## [RECORDS TO PROCESS]
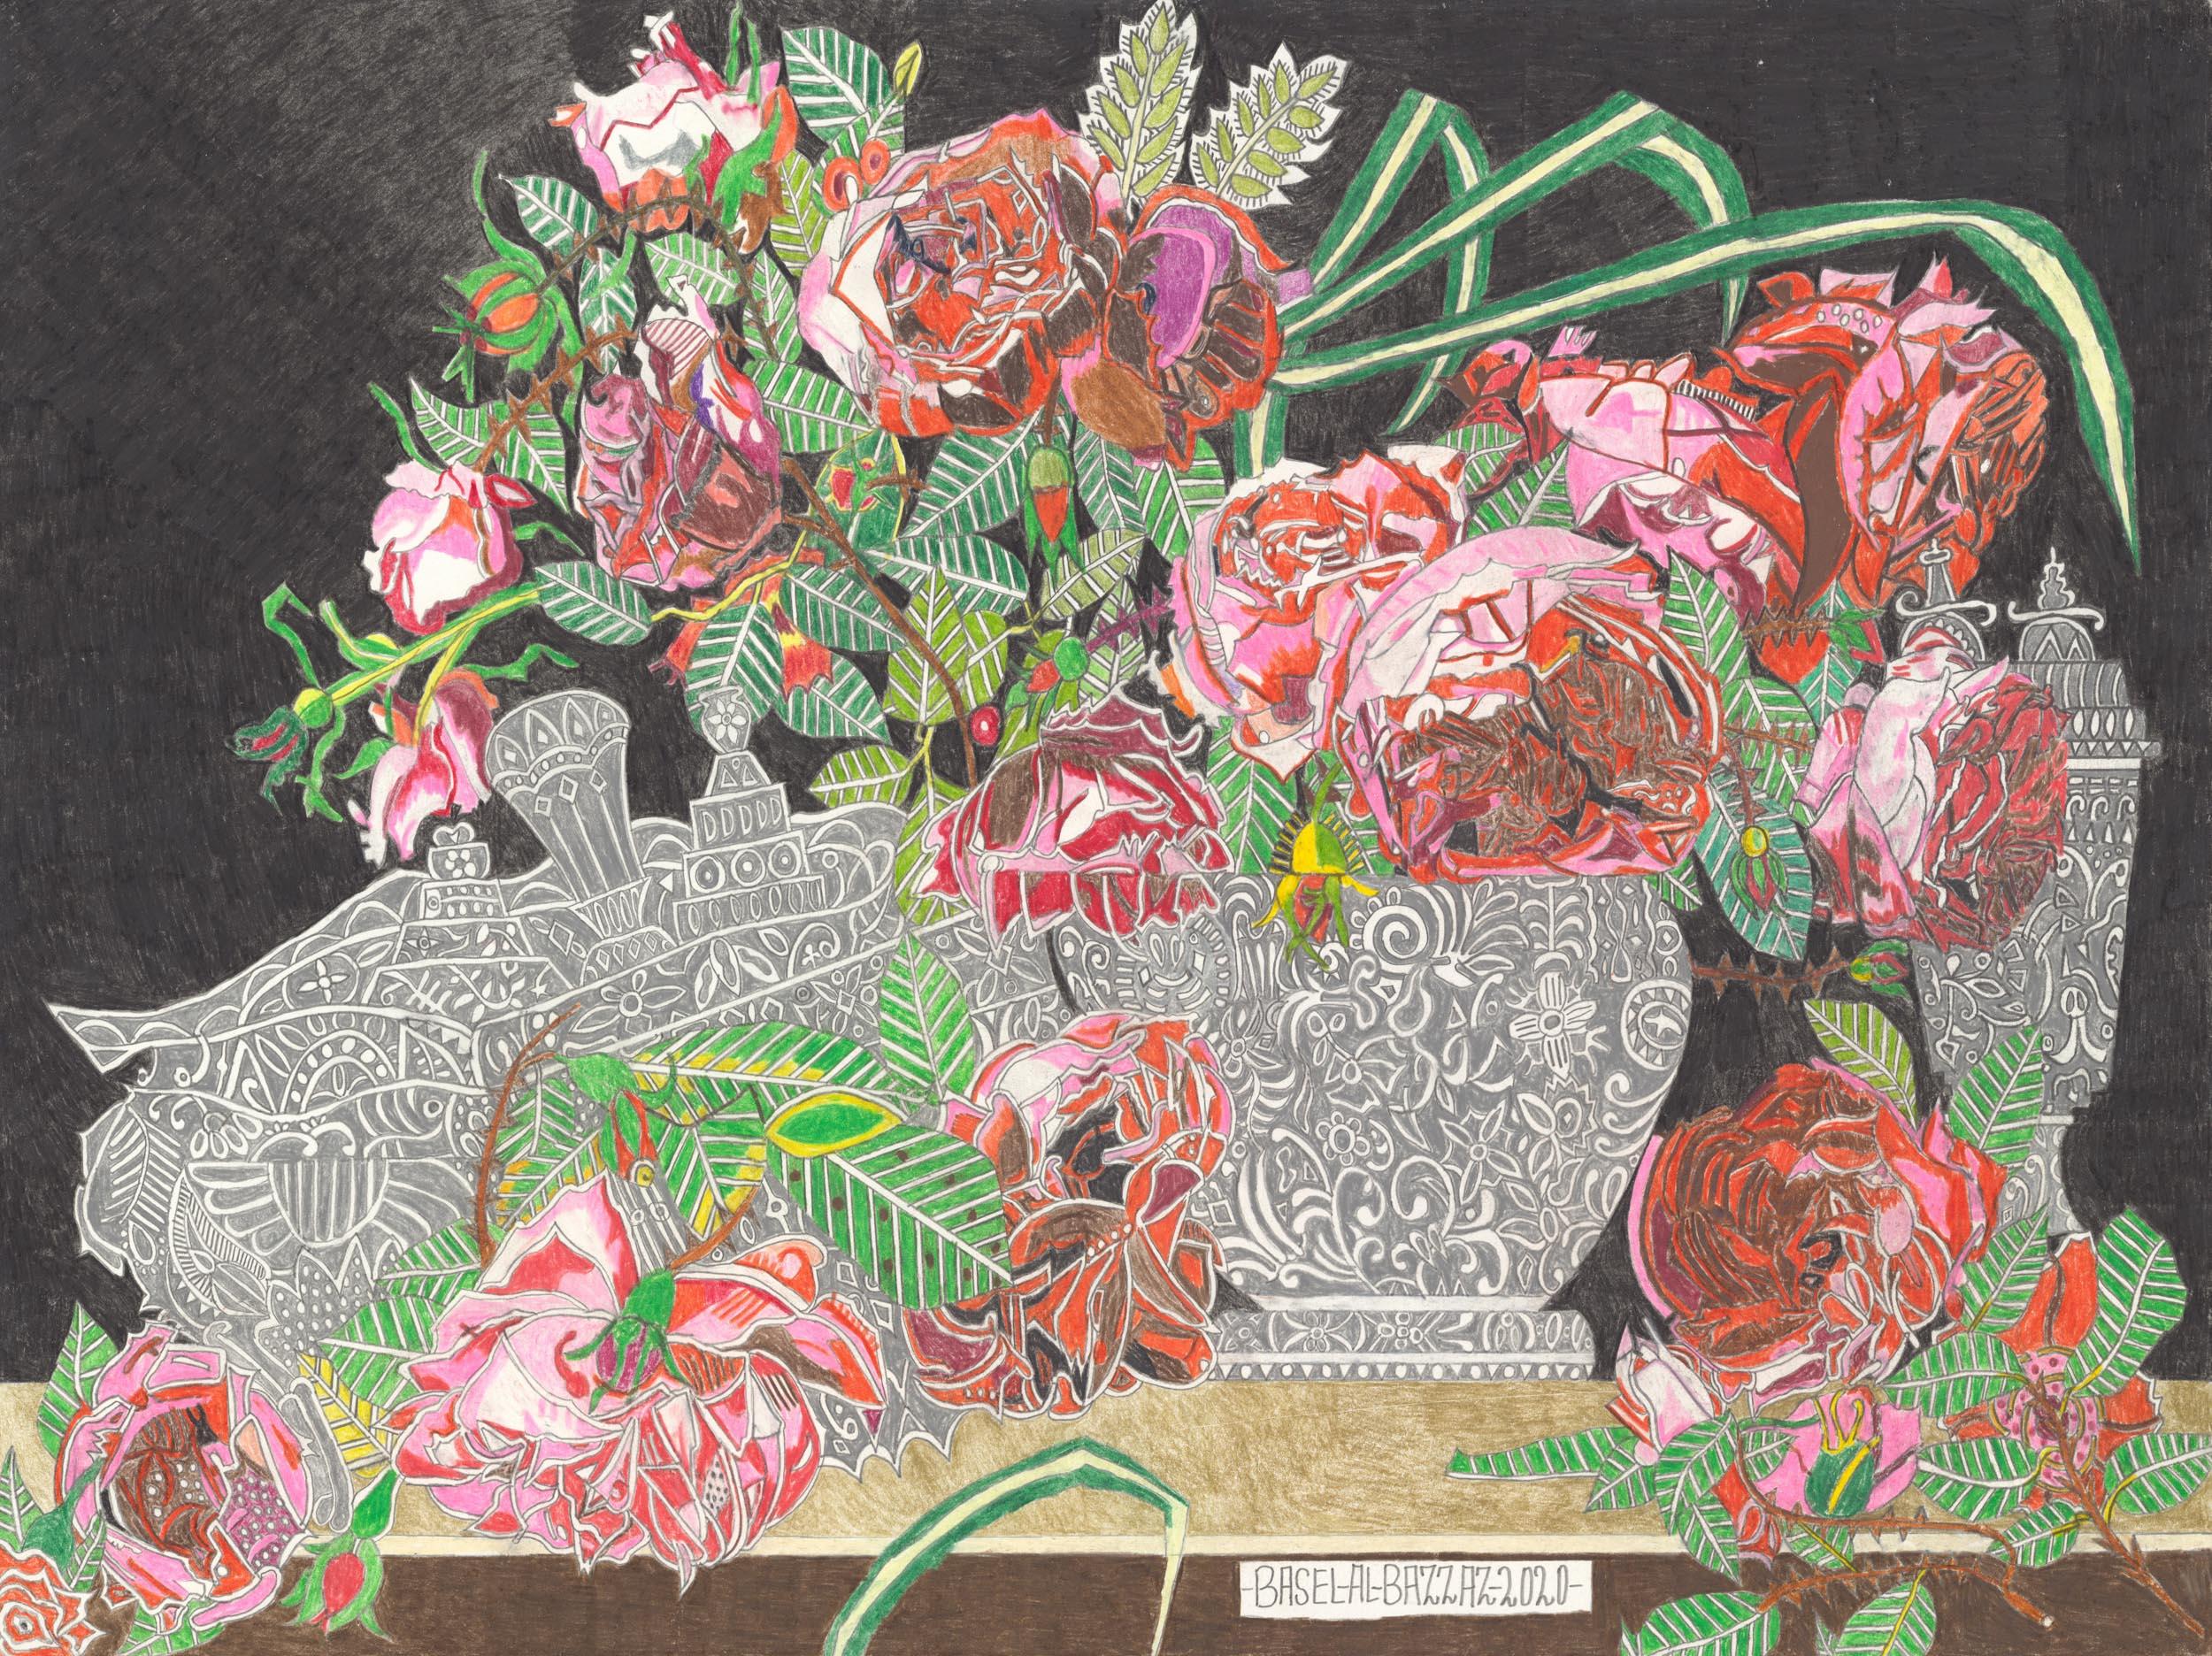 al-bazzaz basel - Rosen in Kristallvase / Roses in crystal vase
---
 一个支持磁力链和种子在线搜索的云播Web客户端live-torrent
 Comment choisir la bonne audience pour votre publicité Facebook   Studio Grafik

## [DIRECTIONS]
For the lines above, output exactly those from the line containing "一个支持磁力链和种子在线搜索的云播Web客户端live-torrent" through the line containing "Comment choisir la", and skip the others.

## [TASK ANSWER]
 一个支持磁力链和种子在线搜索的云播Web客户端live-torrent
 Comment choisir la bonne audience pour votre publicité Facebook   Studio Grafik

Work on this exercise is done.